第一个flink application

官网参考：https://ci.apache.org/projects/flink/flink-docs-release-1.10/#api-references

导入maven依赖

需要注意的是，如果使用scala写程序，导入的依赖跟java是不一样的

Maven Dependencies

You can add the following dependencies to your pom.xml to include Apache Flink in your project. These dependencies include a local execution environment and thus support local testing.

Scala API: To use the Scala API, replace the flink-java artifact id with flink-scala_2. and flink-streaming-java_2. with flink-streaming-scala_2..

<dependency>

  <groupId>org.apache.flink</groupId>

  <artifactId>flink-java</artifactId>

  <version>1.8.</version>

</dependency>

<dependency>

  <groupId>org.apache.flink</groupId>

  <artifactId>flink-streaming-java_2.</artifactId>

  <version>1.8.</version>

</dependency>

<dependency>

  <groupId>org.apache.flink</groupId>

  <artifactId>flink-clients_2.</artifactId>

  <version>1.8.</version>

</dependency>

批处理wordcount示例（DataSet API）

import org.apache.flink.api.common.functions.FlatMapFunction;

import org.apache.flink.api.java.DataSet;

import org.apache.flink.api.java.ExecutionEnvironment;

import org.apache.flink.api.java.tuple.Tuple2;

import org.apache.flink.util.Collector;

public class WordCount {

    // 批量处理示例代码

    public static void main(String[] args) throws Exception {

        String inputPath = "E:\\flink\\words.txt";

        String outputPath = "E:\\flink\\result";

        //获取运行环境

        ExecutionEnvironment env = ExecutionEnvironment.getExecutionEnvironment();

        //读取文件

        DataSet<String> text = env.readTextFile(inputPath);

        DataSet<Tuple2<String, Integer>> counts =

                // split up the lines in pairs (2-tuples) containing: (word,1)

                text.flatMap(new Tokenizer())

                        // group by the tuple field "0" and sum up tuple field "1"

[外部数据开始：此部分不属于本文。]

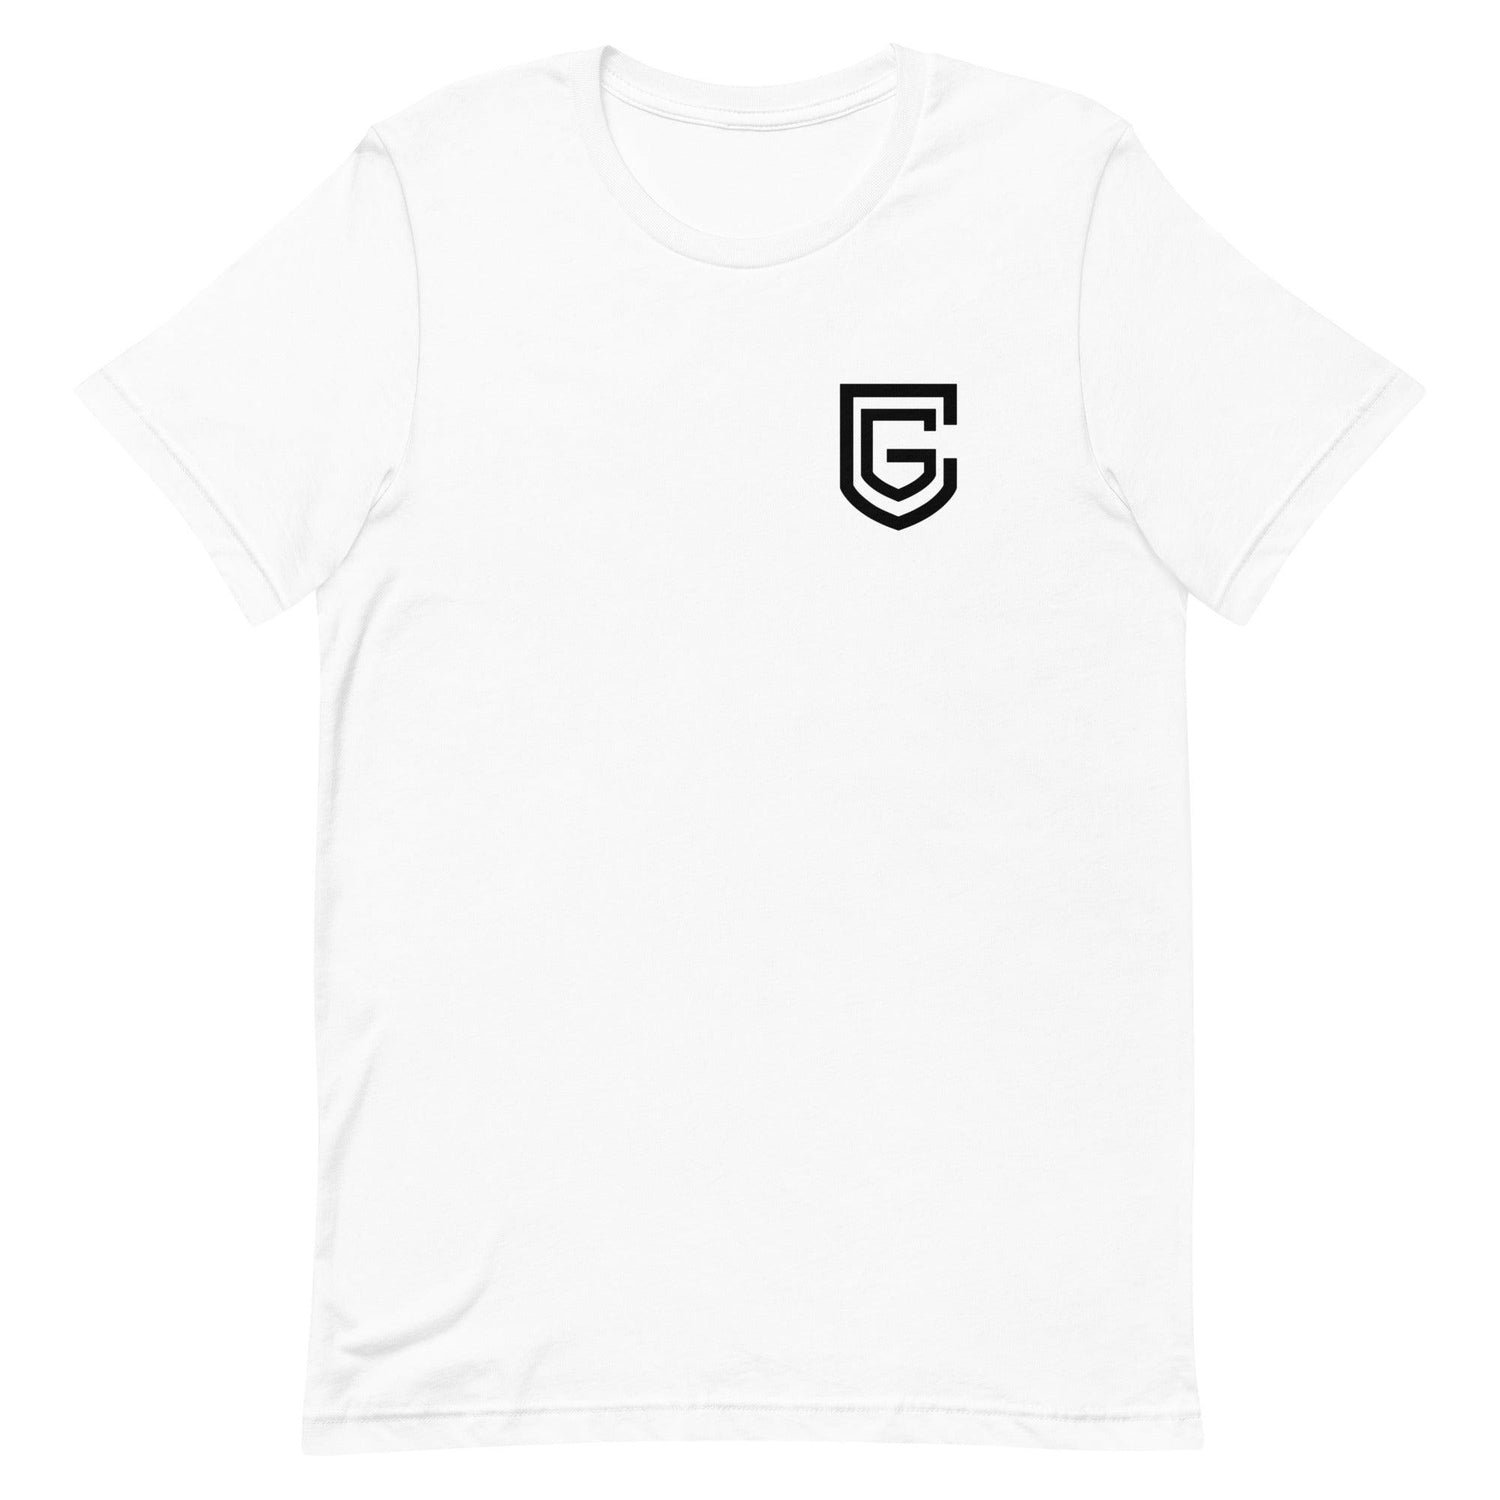 Corey Grant "Essential" t-shirt - Fan Arch

                        .groupBy(0) //以tuple的第一个字段分组

                        .sum(1);//以tuple的第二个字段计算总和

        //setParallelism来设置并行度，类似spark。如果不设置并行度，将以多线程的形式输出，生成多个文件

        counts.writeAsCsv(outputPath, "\n", " ").setParallelism(1);

        env.execute("Batch WordCount Example");

    }

    // 自定义函数，也可以不在这里自定义，直接卸载上面flatMap()中也可以

    public static class Tokenizer implements FlatMapFunction<String, Tuple2<String, Integer>> {

        @Override

        public void flatMap(String value, Collector<Tuple2<String, Integer>> out) {

            // normalize and split the line

            String[] tokens = value.toLowerCase().split(",");

            for (String token : tokens) {

                if (token.length() > 0) {

                    //包装成tuple2

                    out.collect(new Tuple2<String, Integer>(token, 1));

                }

            }

        }

    }

}

流式处理wordcount示例（DataStream API）

import org.apache.flink.api.common.functions.FlatMapFunction;

import org.apache.flink.api.java.utils.ParameterTool;

import org.apache.flink.streaming.api.datastream.DataStream;

import org.apache.flink.streaming.api.datastream.DataStreamSource;

import org.apache.flink.streaming.api.environment.StreamExecutionEnvironment;

import org.apache.flink.streaming.api.windowing.time.Time;

import org.apache.flink.util.Collector;

/**

 *  滑动窗口计算

 * 通过socket模拟产生单词数据

 * flink对数据进行统计计算

 */

public class SocketWindowWordCount {

    public static void main(String[] args) throws Exception {

        //获取socket的端口号

        int port;

        try {

            ParameterTool parameterTool = ParameterTool.fromArgs(args);

            port = parameterTool.getInt("port");

        }catch (Exception e){

            System.out.println("No port set. use default port 9000");

            port = 9999;

        }

        //获取运行环境

        StreamExecutionEnvironment env = StreamExecutionEnvironment.getExecutionEnvironment();

        String hostname = "master01.hadoop.mobile.cn";

        String delimiter = "\n";

        DataStreamSource<String> text  = env.socketTextStream(hostname, port, delimiter);

        //跟spark一样，使用flatmap算子来操作

        //输入数据为string类型，输出为自定义的WordWithCount类型对象

        DataStream<WordWithCount> windowCounts = text.flatMap(new FlatMapFunction<String, WordWithCount>() {

            public void flatMap(String value, Collector<WordWithCount> out) throws Exception {

                String[] splits = value.split(" ");

                for (String word : splits) {

                    out.collect(new WordWithCount(word, 1L));

                }

            }

        }).keyBy("word")

                .timeWindow(Time.seconds(10), Time.seconds(5))//指定时间窗口大小为10秒，指定时间间隔为5秒

                //每隔1秒统计前2秒的数据

                .sum("count");

        //把数据打印到控制台并且设置并行度

        windowCounts.print().setParallelism(1);

        System.out.println(System.currentTimeMillis());

        env.execute("Socket window count");

    }

    public static class WordWithCount{

        public String word;

        public long count;

        public  WordWithCount(){}

        public WordWithCount(String word,long count){

            this.word = word;

            this.count = count;

        }

        @Override

        public String toString() {

            return "WordWithCount{" +

                    "word='" + word + '\'' +

                    ", count=" + count +

                    '}';

        }

    }

}

关于keyby算子：

    /**

     * Partitions the operator state of a {@link DataStream} using field expressions.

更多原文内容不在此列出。